Chennai, Jan. 5: Amar Singh came, heard what he wanted to hear but could not entirely conquer Jayalalithaa.

Taking the tapping case to one of the three chief ministers he trusts, the Samajwadi Party leader found sympathy from Jayalalithaa but a political indiscretion here and there seems to have prevented her from going all out in support of the visitor.

At the end of the day, Jayalalithaa projected herself as a more long-suffering victim of phone-tapping at the hands of successive governments in Delhi.

“While this specific instance of tapping of telephones of political leaders has now come out into the open, I have all along felt that my telephones are being tapped by the Centre,” she said after a 30-minute meeting with Amar Singh at the secretariat here this afternoon.

“So far, I have refrained from making this public, because I know there would be a flat denial by the Centre. Now Shri Amar Singh has furnished solid proof that the Centre has organised the tapping of the telephone of an Opposition political leader,” Jayalalithaa said in a statement, terming the alleged tapping “most disgraceful”.

But Jayalalithaa stopped short of seeking the resignation of the Union government, probably because of the statements Amar Singh made later at an impromptu media conference about her rival, the DMK, and a suggestion that the Centre may not have “trust” in her.

Amar Singh did commit another “indiscretion” ? he forgot to include the addi- tional ‘a’ in Jayalalithaa’s name when he issued a statement ? but it is not known whether that made any impact on his host.

Amar Singh was in Chennai as part of his efforts to get the support of three non-Congress chief ministers ? Jayalalithaa, Bengal’s Buddhadeb Bhattacharjee and Bihar’s Nitish Kumar ? to “curb the growing menace” of phone tapping.

Amar Singh’s leader and Uttar Pradesh chief minister Mulayam Singh Yadav had last week alleged that the Centre was out to “frame” them on the order of “10 Janpath”, producing “incriminating” evidence by tapping their phones.

But the Samajwadi Party was somewhat pushed to the backfoot after a man associated with Reliance Infocomm, a company owned by party-supported MP Anil Ambani, was arrested in connection with the tapping.

Emerging from Jayalalithaa’s office, Amar Singh, one of the familiar sound bite specialists on television channels, spent around 40 minutes amid cameras and microphones, holding forth on the tapping controversy.

During the discourse, the heartland politician, perhaps unaware of the sensitive political culture of Tamil Nadu, said he would have sought the DMK’s support.

But he was constrained by the fact that when he moved the Supreme Court, the communications ministry, headed by the DMK’s Dayanidhi Maran, could also become a party to the case.

If this was not sufficient to turn Jayalalithaa wary, Amar Singh went another step ahead.

To a question, he said if the Centre did not have “trust” in either Jayalalithaa or Nitish Kumar, it can let Bhattacharjee conduct a probe.

Under normal circumstances, this would have been perceived as a statement that reflected the political reality.
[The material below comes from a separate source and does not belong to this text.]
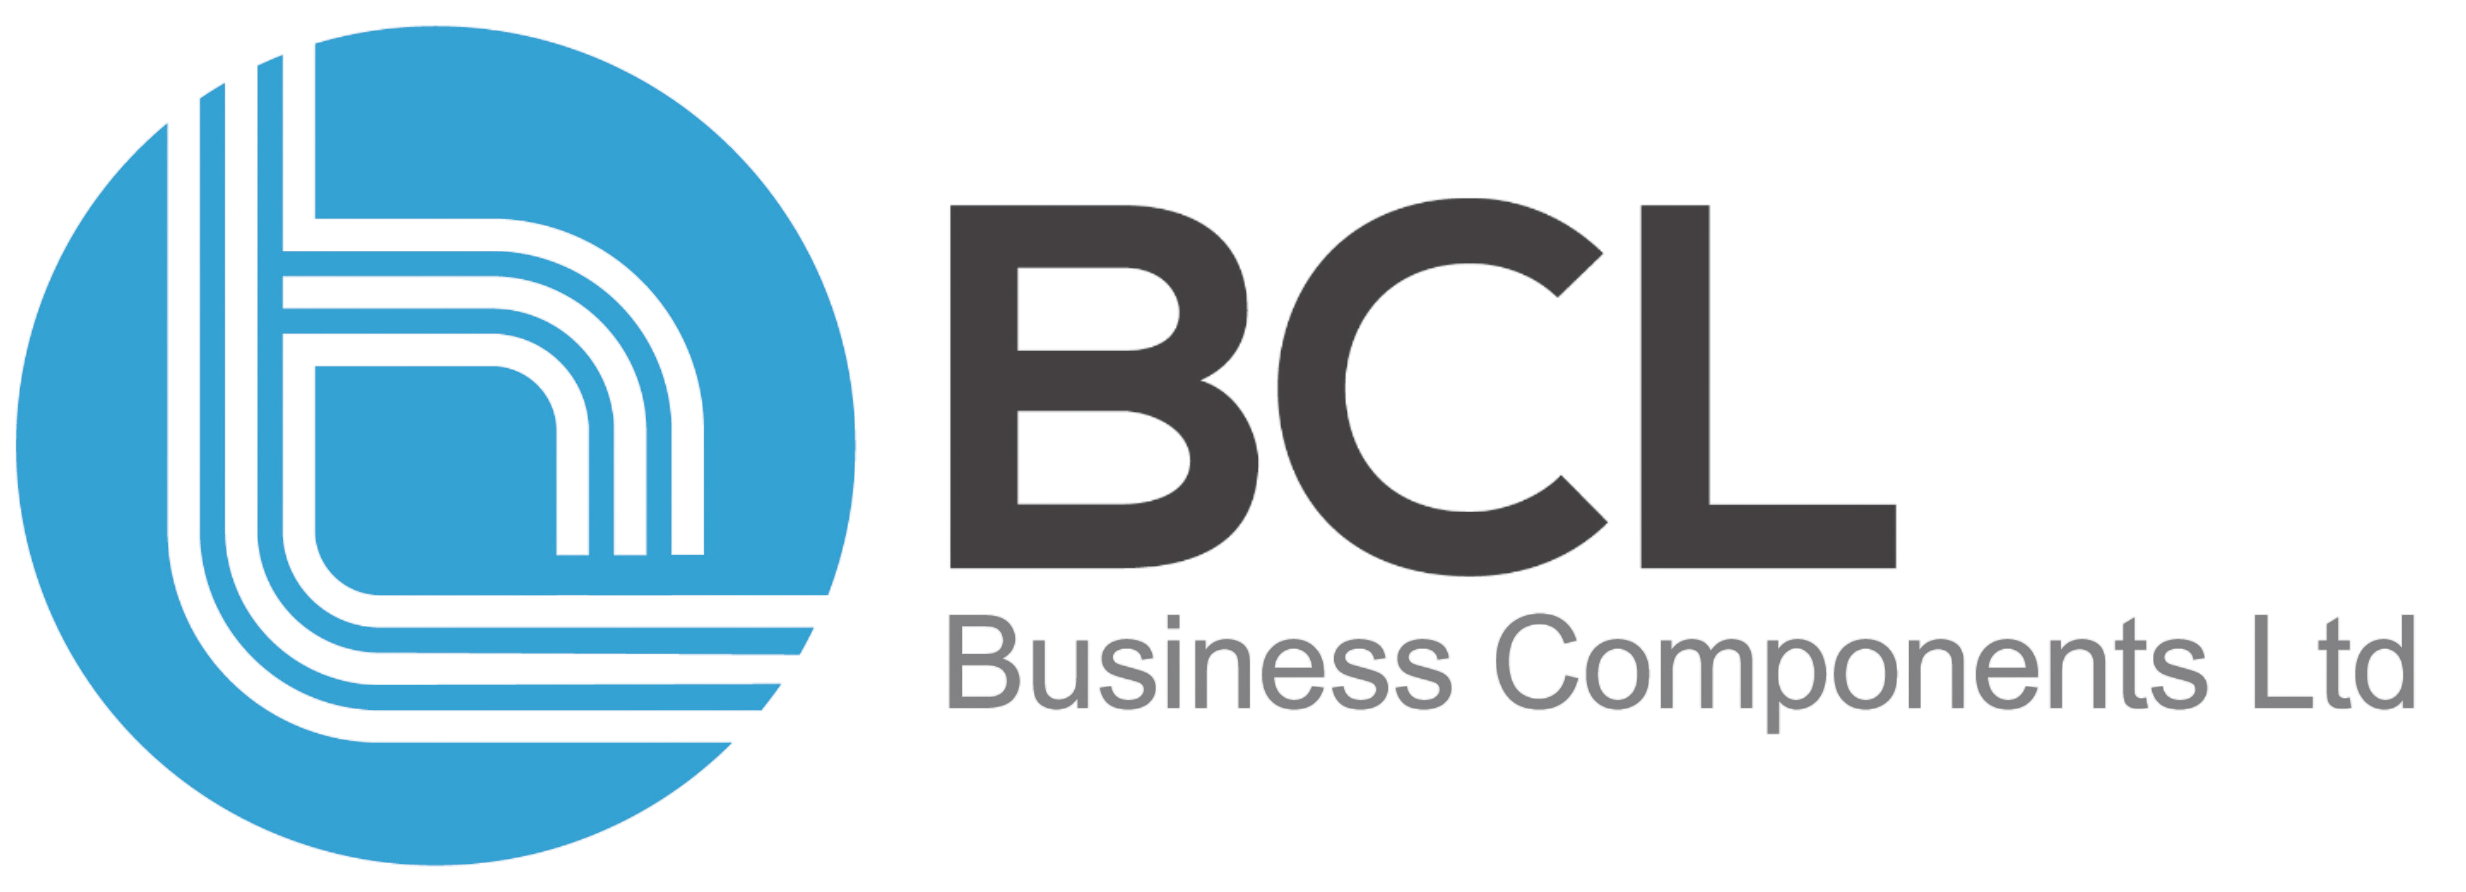 Business Components Ltd

But Jayalalithaa, extremely sensitive to statements that cast doubts on her stature, especially in Centre-state relations, is not known to let such comments pass.
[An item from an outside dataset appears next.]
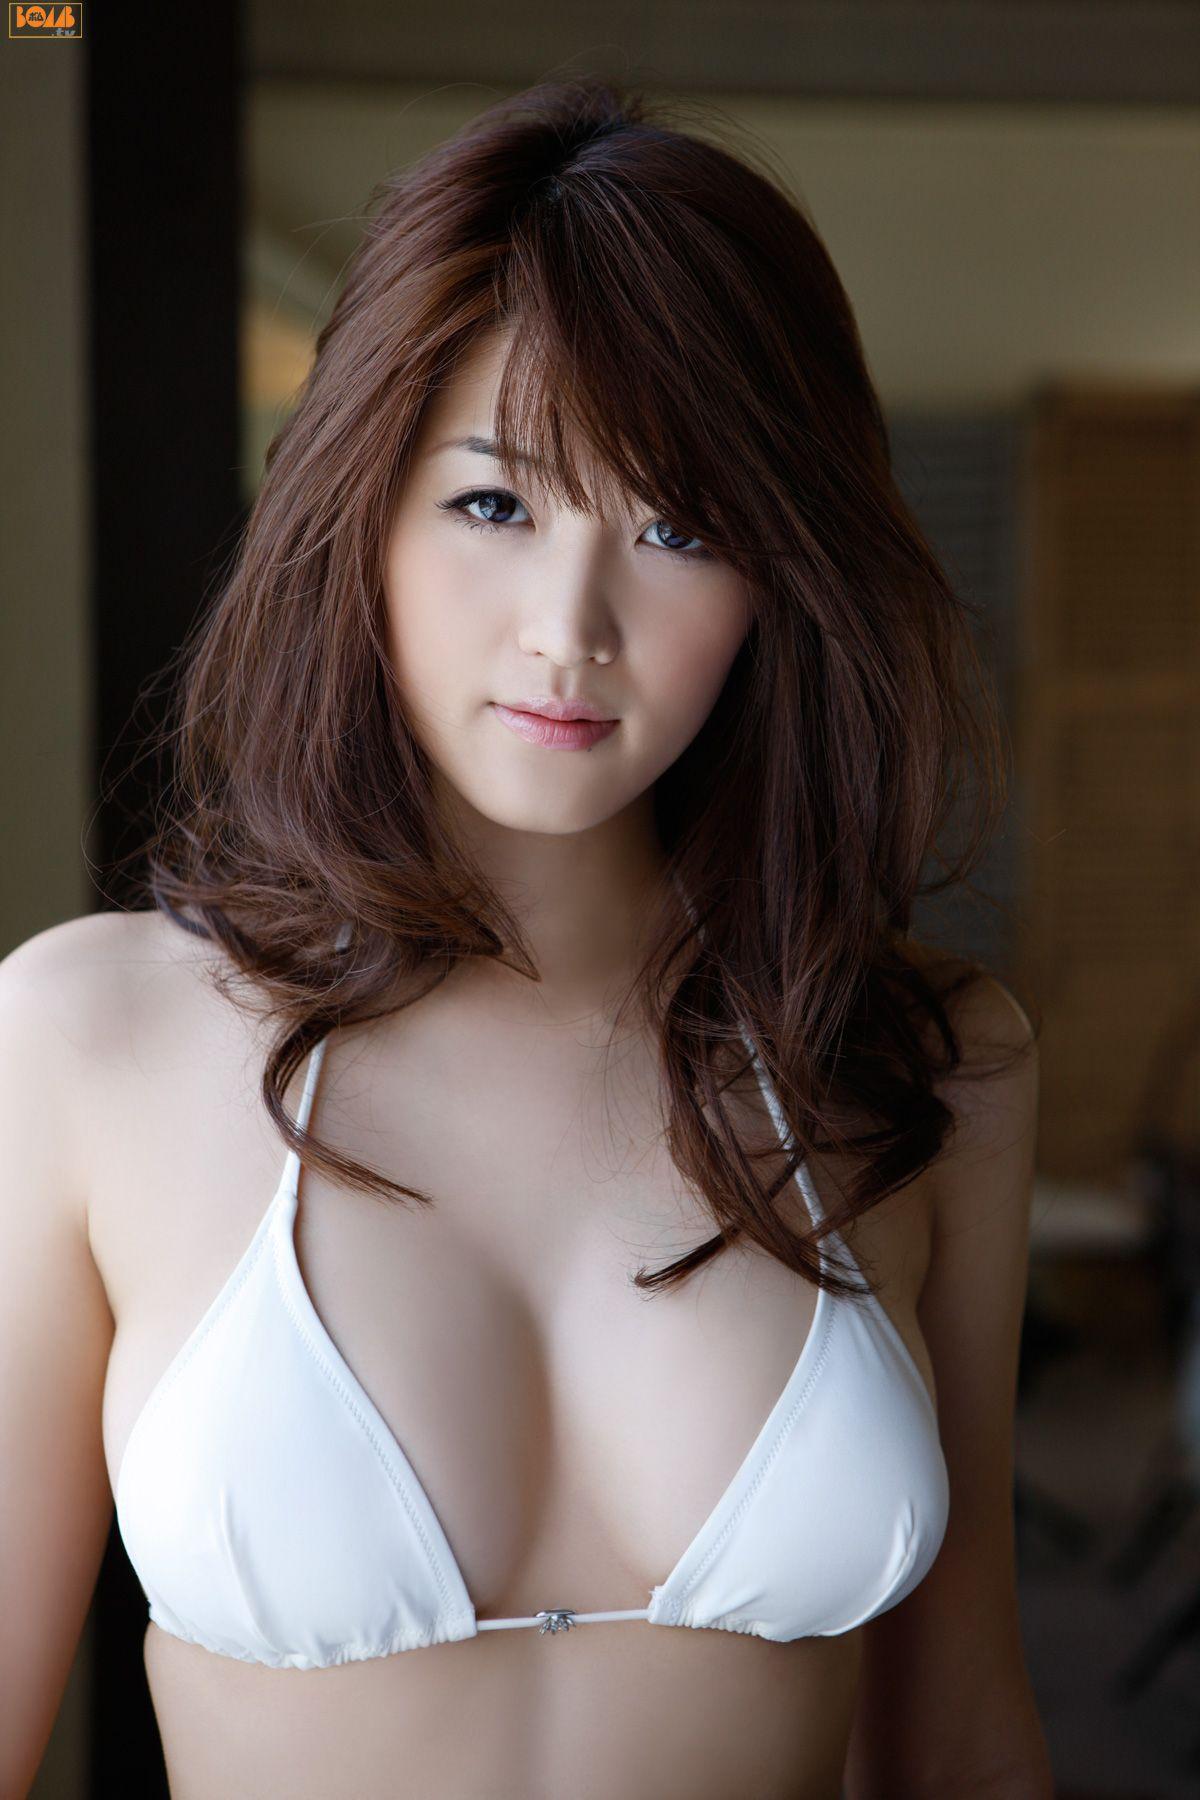 [BOMB.tv] 葉加瀬マイ Mai Hakase

In her statement, Jayalalithaa did say that the “web of insidious surveillance and that too through private telecom companies, can well be extended to scientists, sensitive installations like atomic energy plants, the Indian Space Research Organisation and defence-related organisations”.

But she did not ask for the central government’s resignation ? a demand that usually follows such grave charges.